Without any images, write the listing below out word for word.

▸ SOURCE DATA
.....

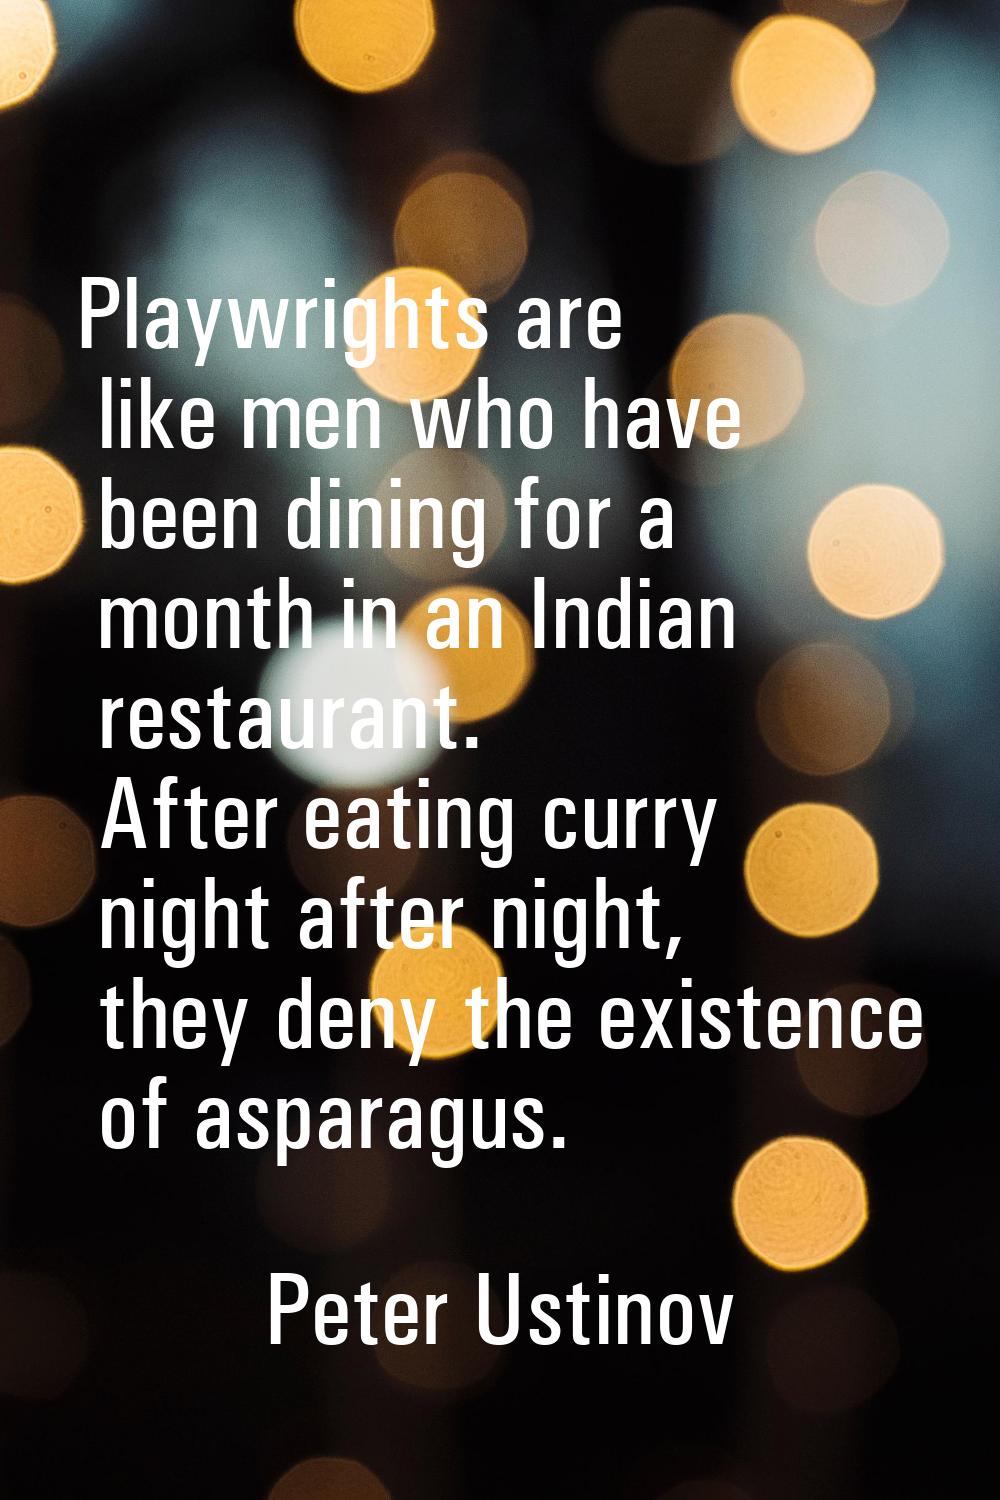 Playwrights are like men who have been dining for a month in an Indian restaurant. After eating cur
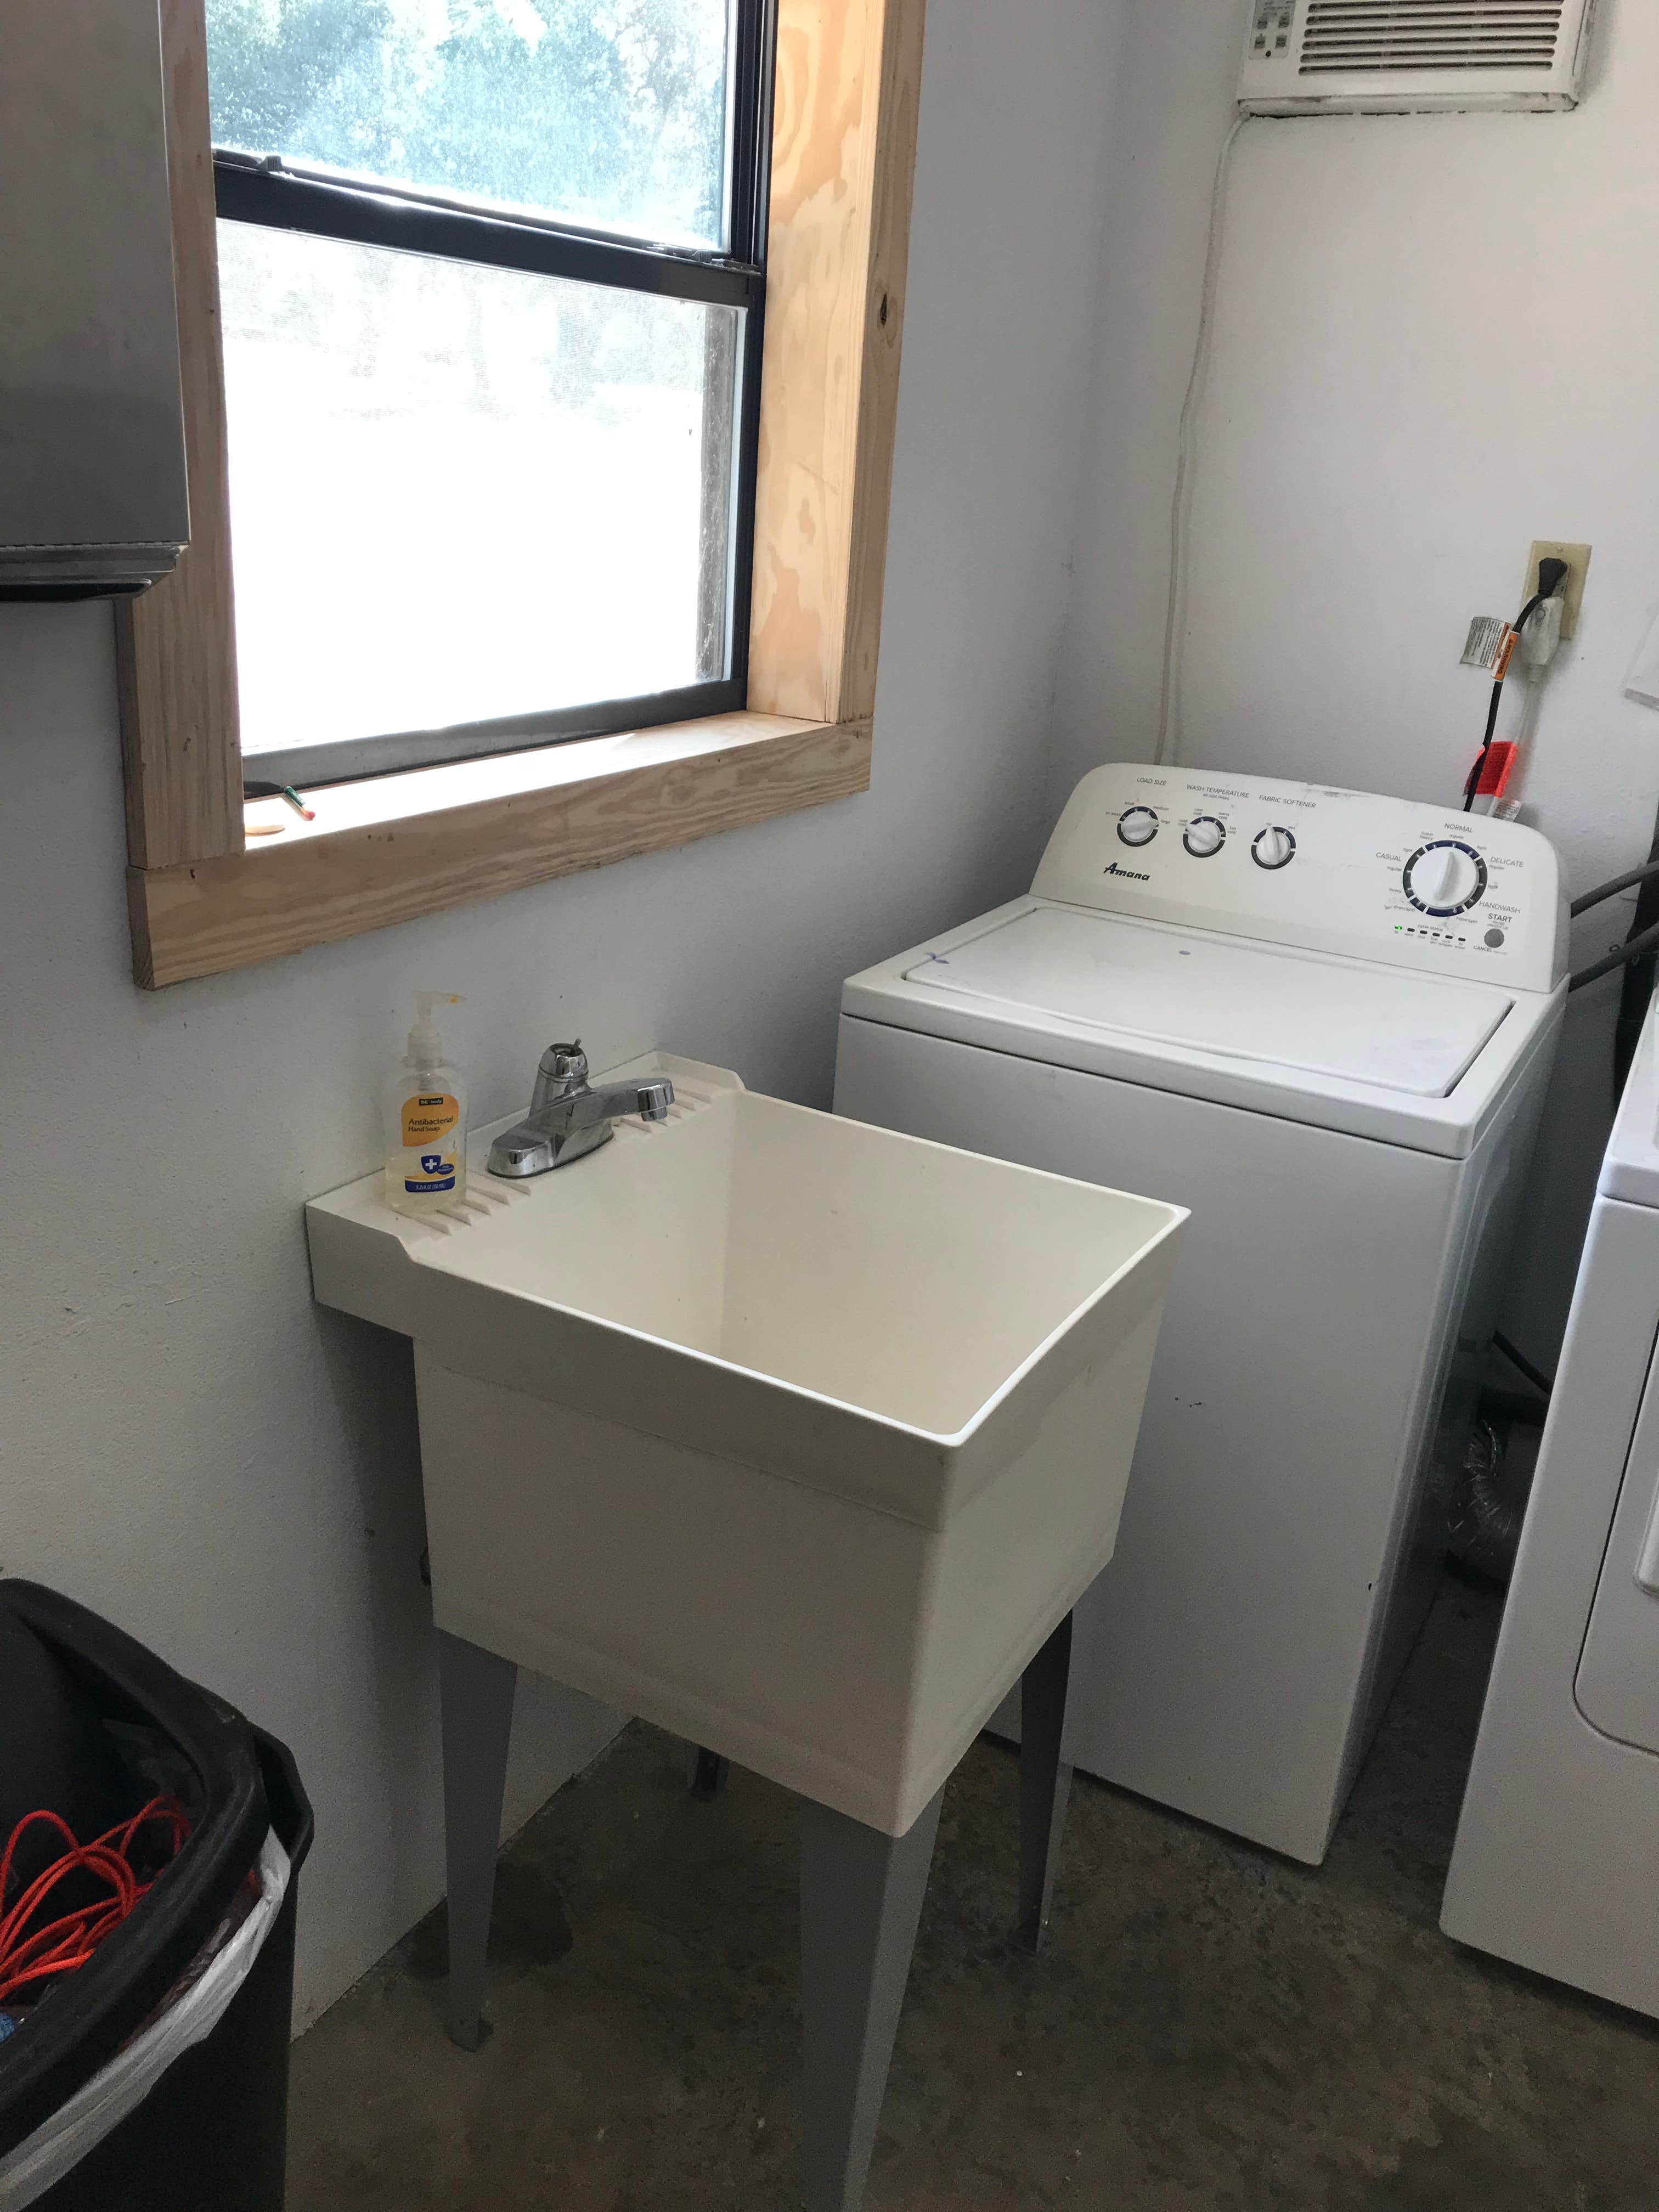 Sink and laundry
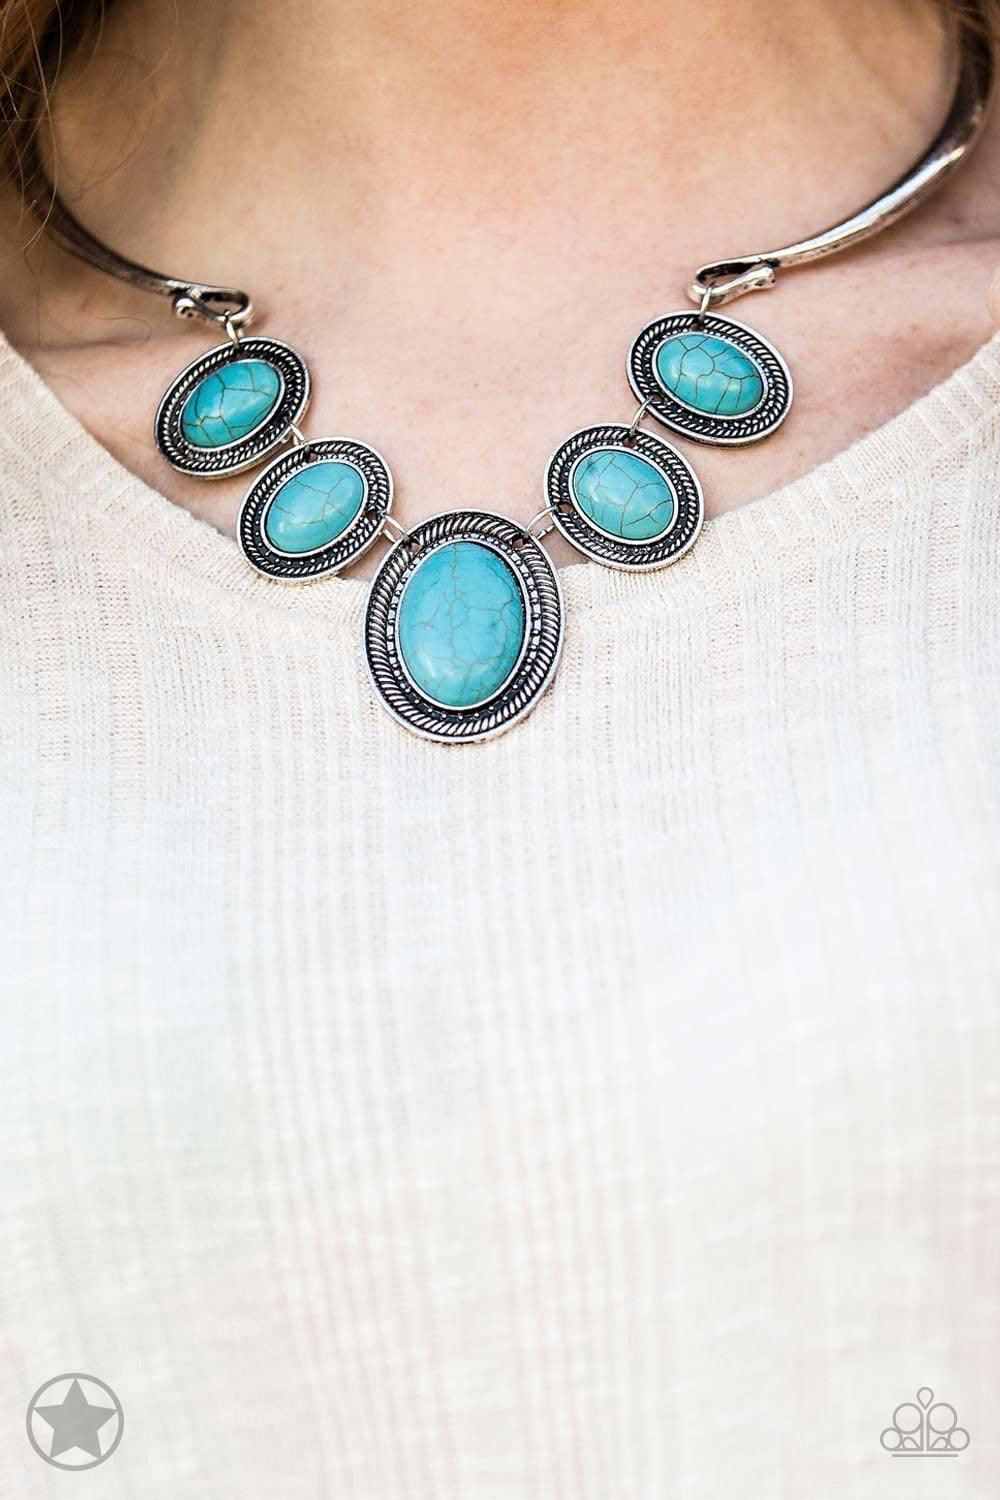 Paparazzi Accessories - Paparazzi Blockbuster Necklace: River Ride Blue - Bling by JessieK

.....

▸ WRITTEN REPLY
 Playwrights are like men who have been dining for a month in an Indian restaurant. After eating cur
 Sink and laundry
 Paparazzi Accessories - Paparazzi Blockbuster Necklace: River Ride Blue - Bling by JessieK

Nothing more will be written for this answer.